EXERCISE:
Pictures stay out; please output the remaining data exactly.

INFORMATION SHOWN:
_ _ _ _
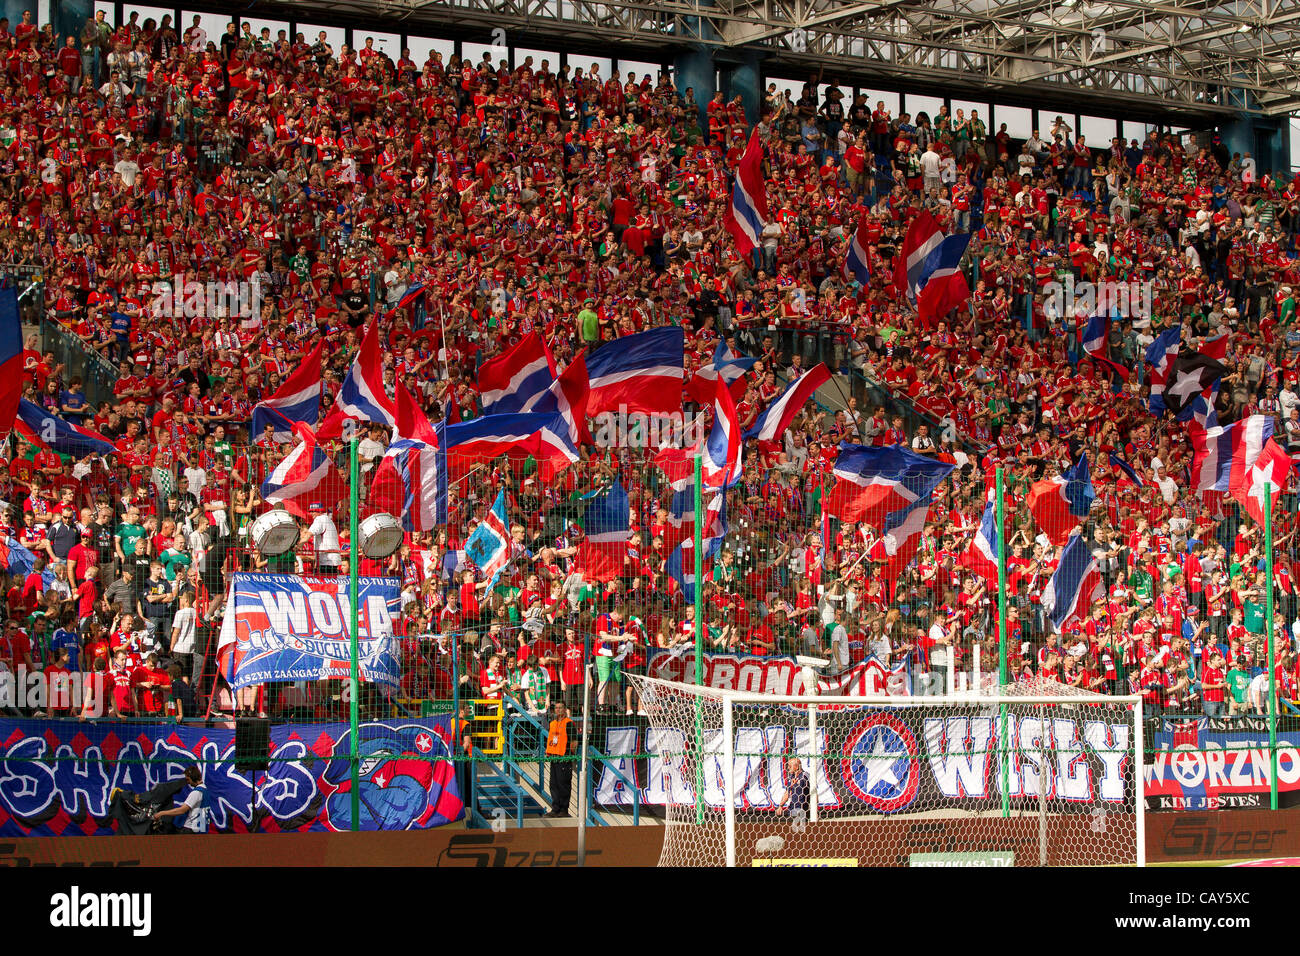 06.05.2012. Krakow, Poland.  T-Mobile Ekstraklasa League Wisla Krakow versus WKS Slask Wroclaw. WKS won the game by a score of 1-0 and held on to win the Polish league for the first time for 34 years. Stock Photo
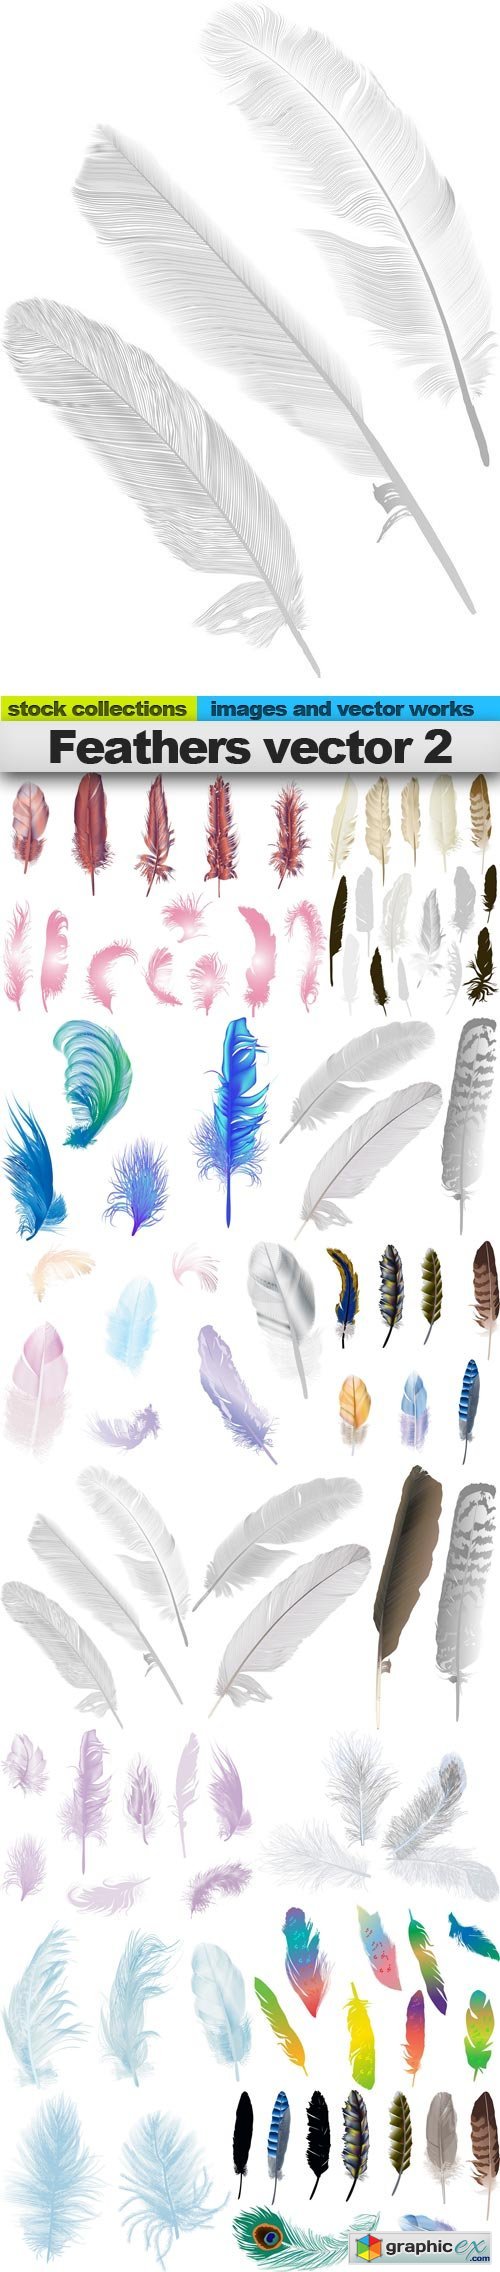 Feathers vector 2, 15 x EPS
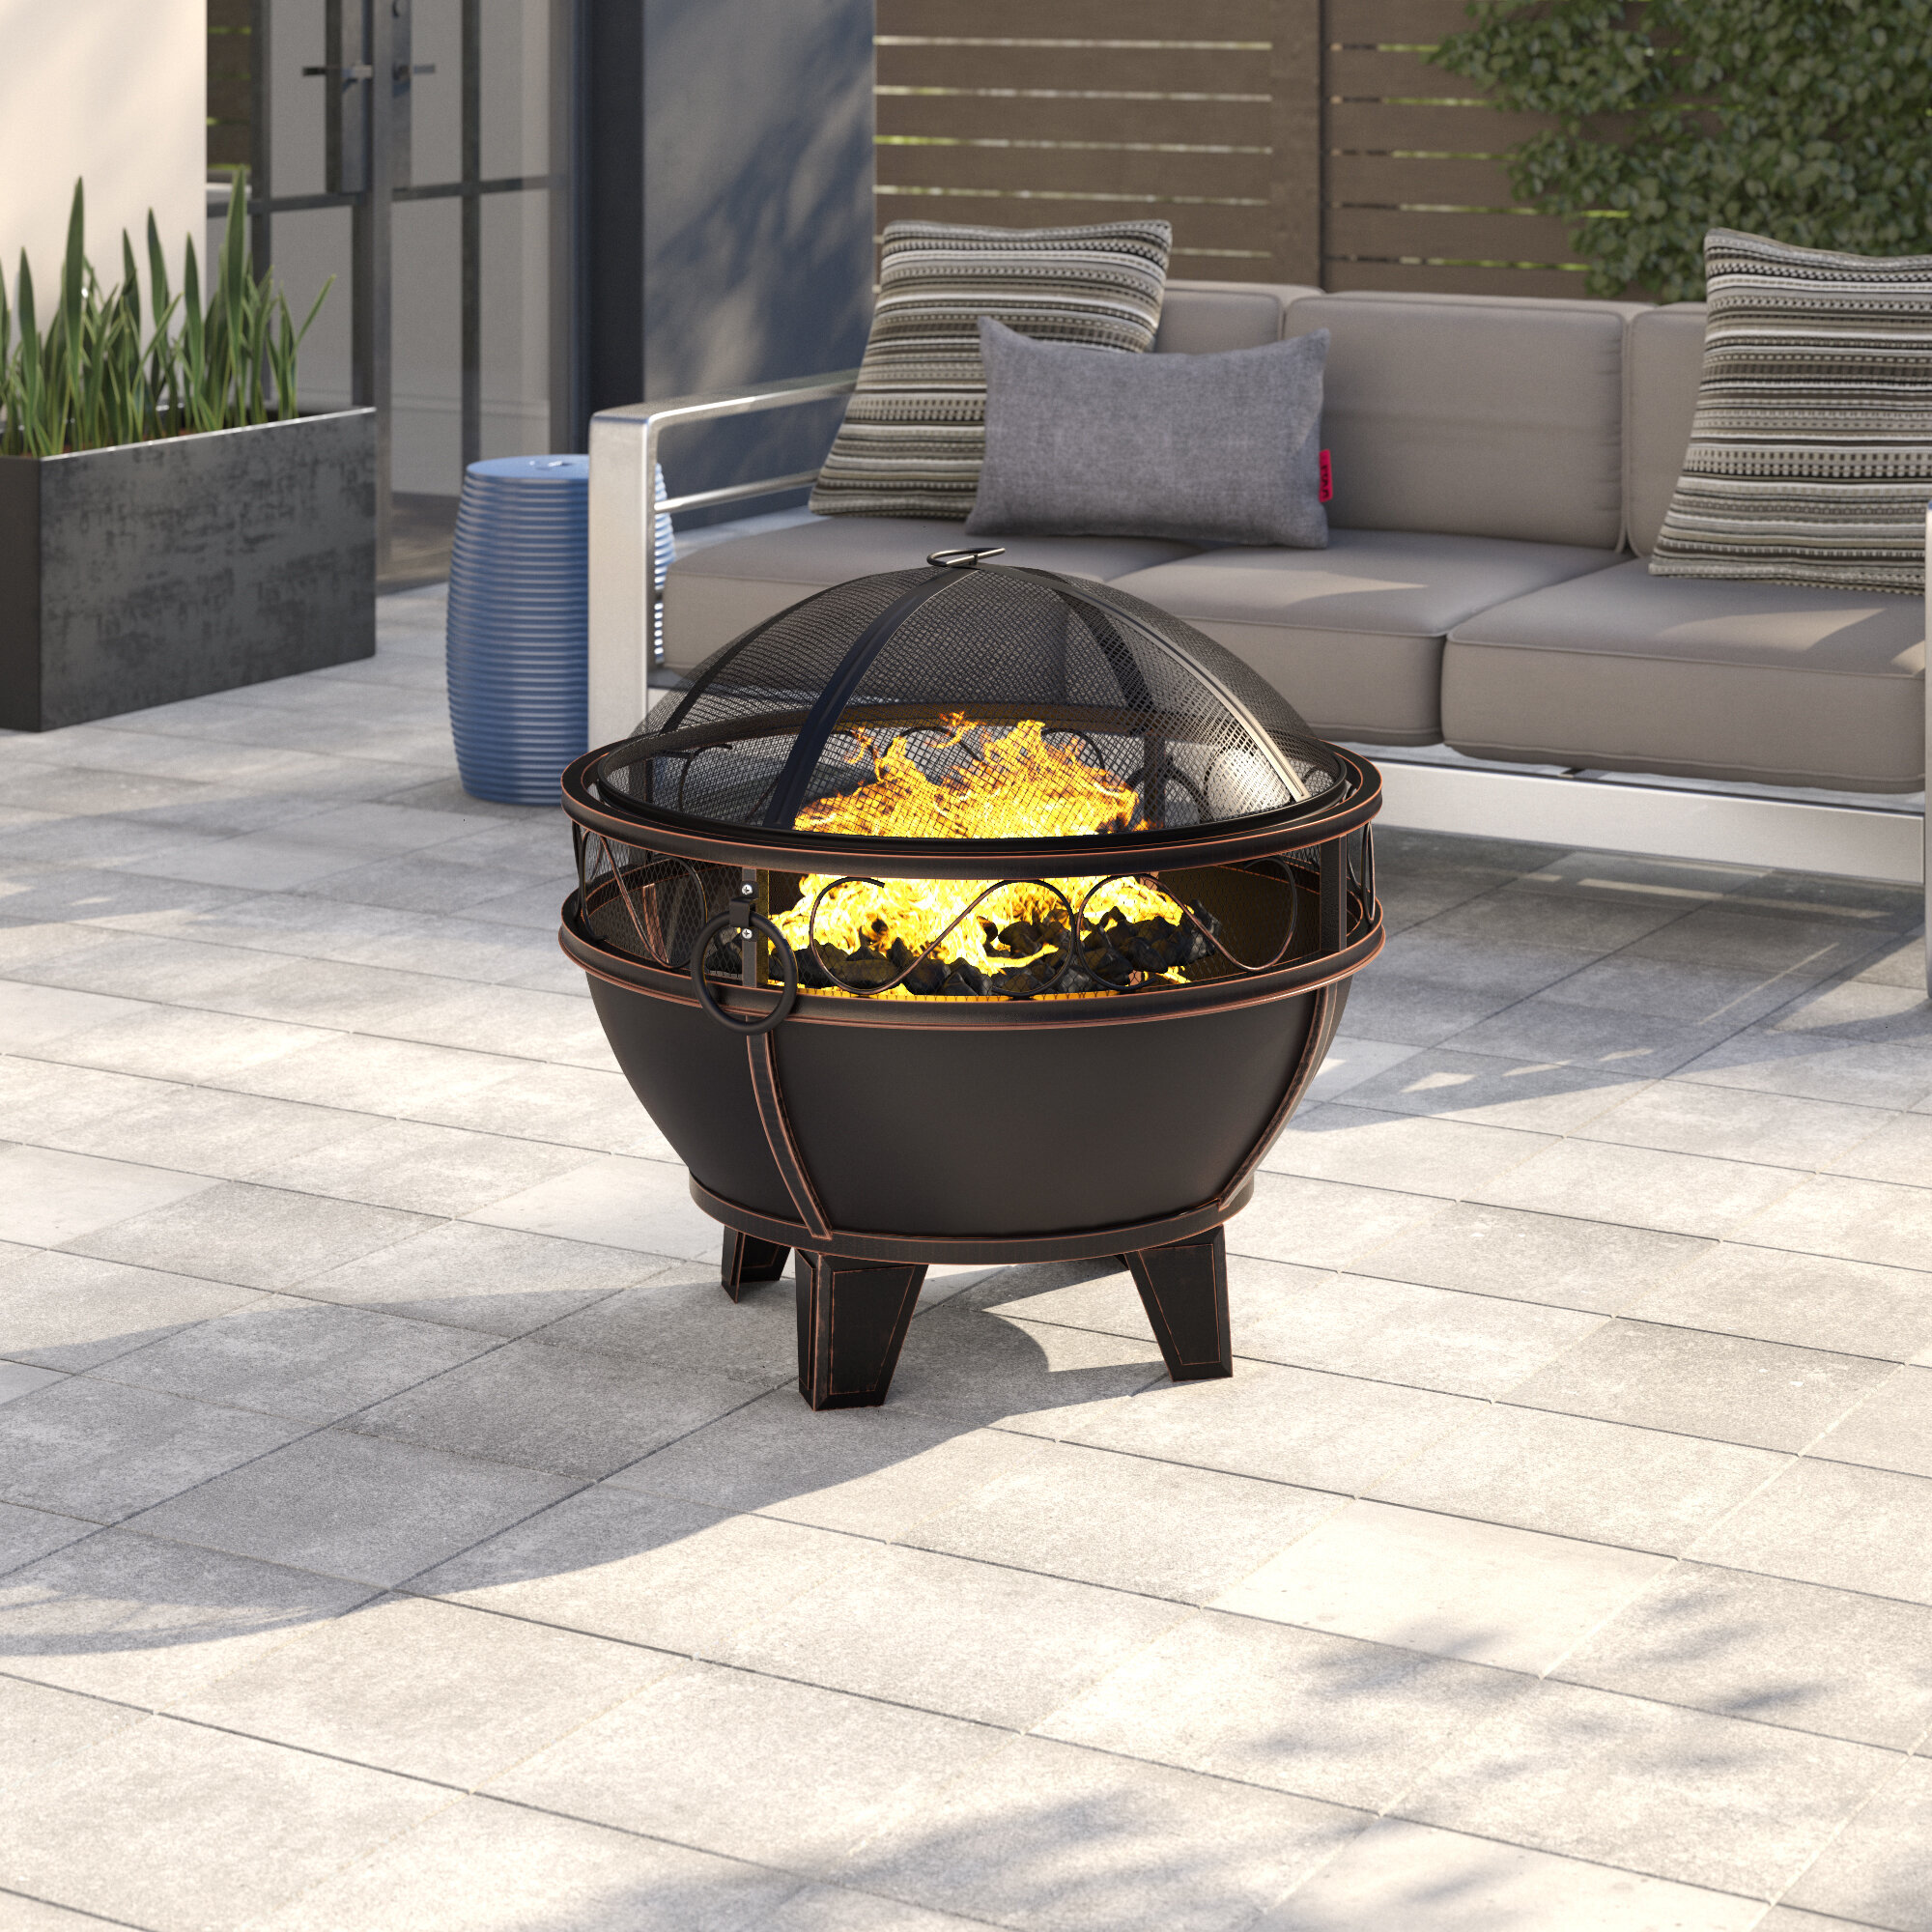 Wayfair | Bronze Fire Pit Fire Pits You'll Love in 2022
_ _ _ _
ANSWER SPACE:
 06.05.2012. Krakow, Poland.  T-Mobile Ekstraklasa League Wisla Krakow versus WKS Slask Wroclaw. WKS won the game by a score of 1-0 and held on to win the Polish league for the first time for 34 years. Stock Photo
 Feathers vector 2, 15 x EPS
 Wayfair | Bronze Fire Pit Fire Pits You'll Love in 2022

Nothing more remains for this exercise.